Monday 30 April 2007

HAPPY BIRTHDAY TO ME

Now a day, the birthdays come so soon and very often; though it is actually daunting to revel amidst the melee of accumulated friends and foes, who appear meekly and subdued on the special occasions for reasons best known only to them but none else. While, the ritualistic encrypted orgies are exceptionally scary, somberly suffocating and obliquely intruding; I usually find myself, as a pertinent rule, perched atop mounds of quickly scripted encomiums of plasticity and addressing them in nihilistic languages not audible to them.

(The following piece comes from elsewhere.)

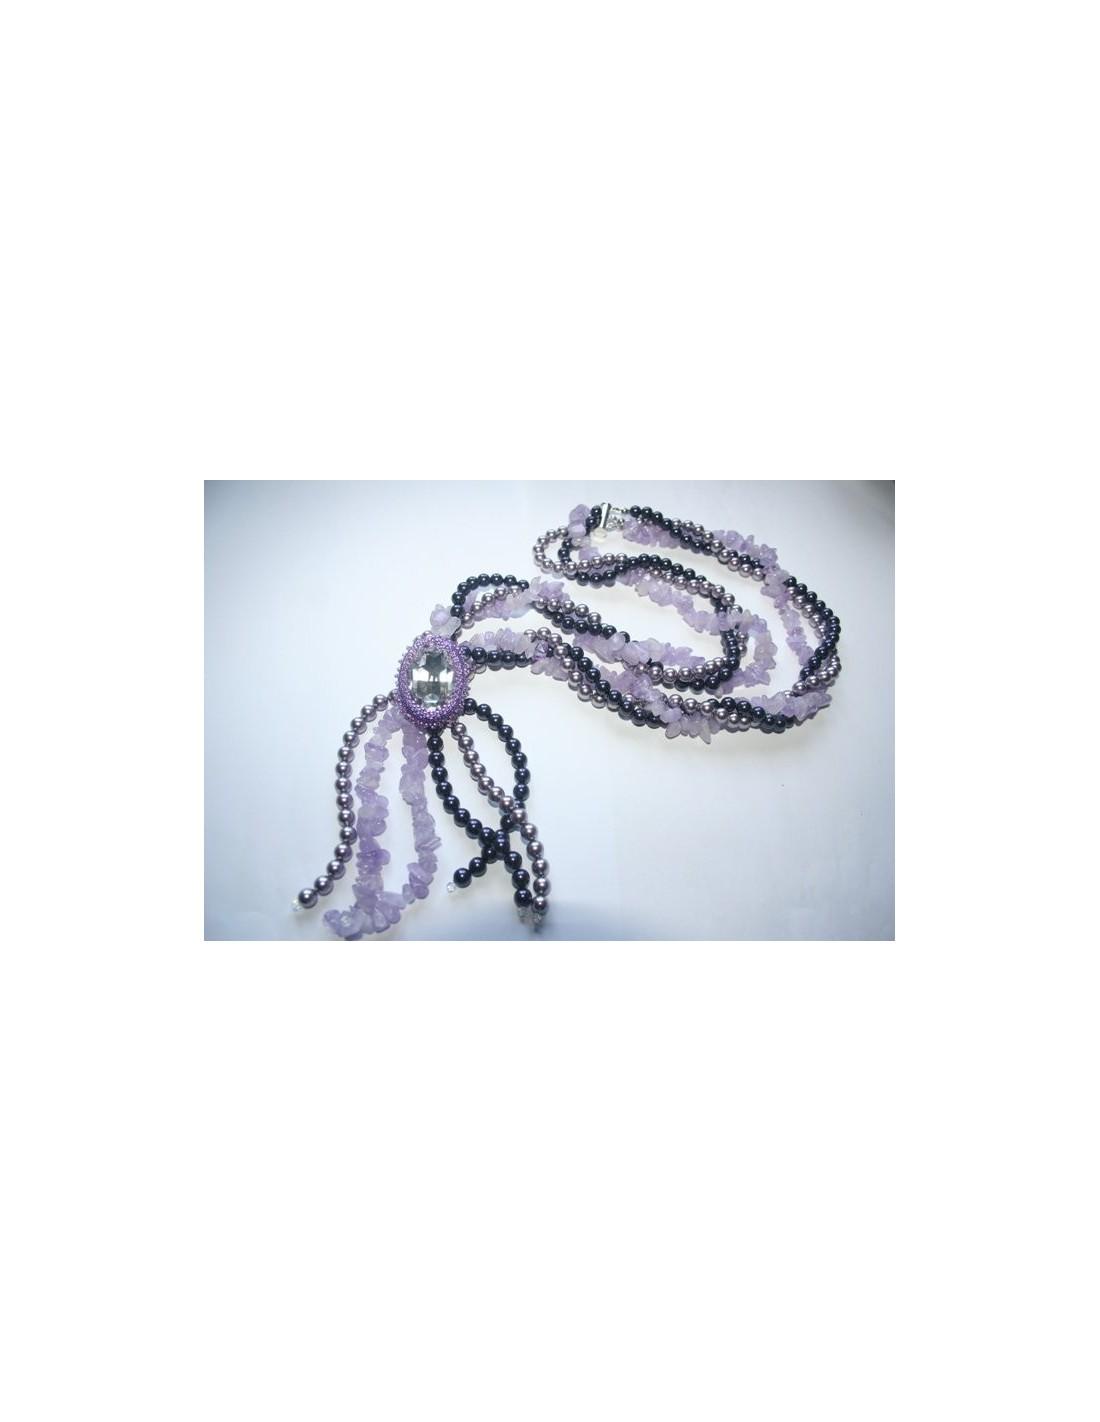 Ben noto Kit Collana Perle e Pietre Dure Cabochon Swarovski 2 - PerlineBijoux EB59

How often have I buried myself inside the burrows of self denials, honestly I do not know. Yet unwittingly, I have been discovering myself at the neatly made makeshift sacrosanct parties, as the only and one scapegoat, ready for the sumptuous feast; strangely arranged in my own honor. Even though, I would not have cheered on such festivities, I nevertheless have regularly faked happiness for the kind benefit of the unduly expectant and extra cautious proud guests of questionable substances. In turn, they have most readily; let me bask in yearlong non-animus gloomy glories of the unwillingly spent years, as a weighted barter deal.
The unceremonious and unwelcome birthdays are abject realities that one can not fully escape or postpone for a tomorrow for they are like the ugly looking bereavements. I know, the anointments must go on so that a surrendered mummification happens, still on a sneaky tomorrow. The birthdays are only, facades nothing more, I think.
For some compelling urges, we routinely buy stinking cakes, malformed balloons and suspected loyalties at still higher rates, years after years to reinforce and renew our sagging and waning whims in order to exhibit the newfound maturities surreptitiously at the hurriedly assembled birthday bashes, ours and theirs. Perhaps, we like to wear freshly stitched fanciful dresses for a special day. However, the context never changes, for sure.
To salvage myself partially, I prefer to spend my times anonymously by hiding the days-after in shame, drawing fresh air in dimly lit dingy rooms in agog and agony, though to no avail. I then come to realize always that the next birthdays are coming yet again and I must reach the decorated vestibules in smelling smiles to receive the surging and competing guests, still again, with dwindling courage.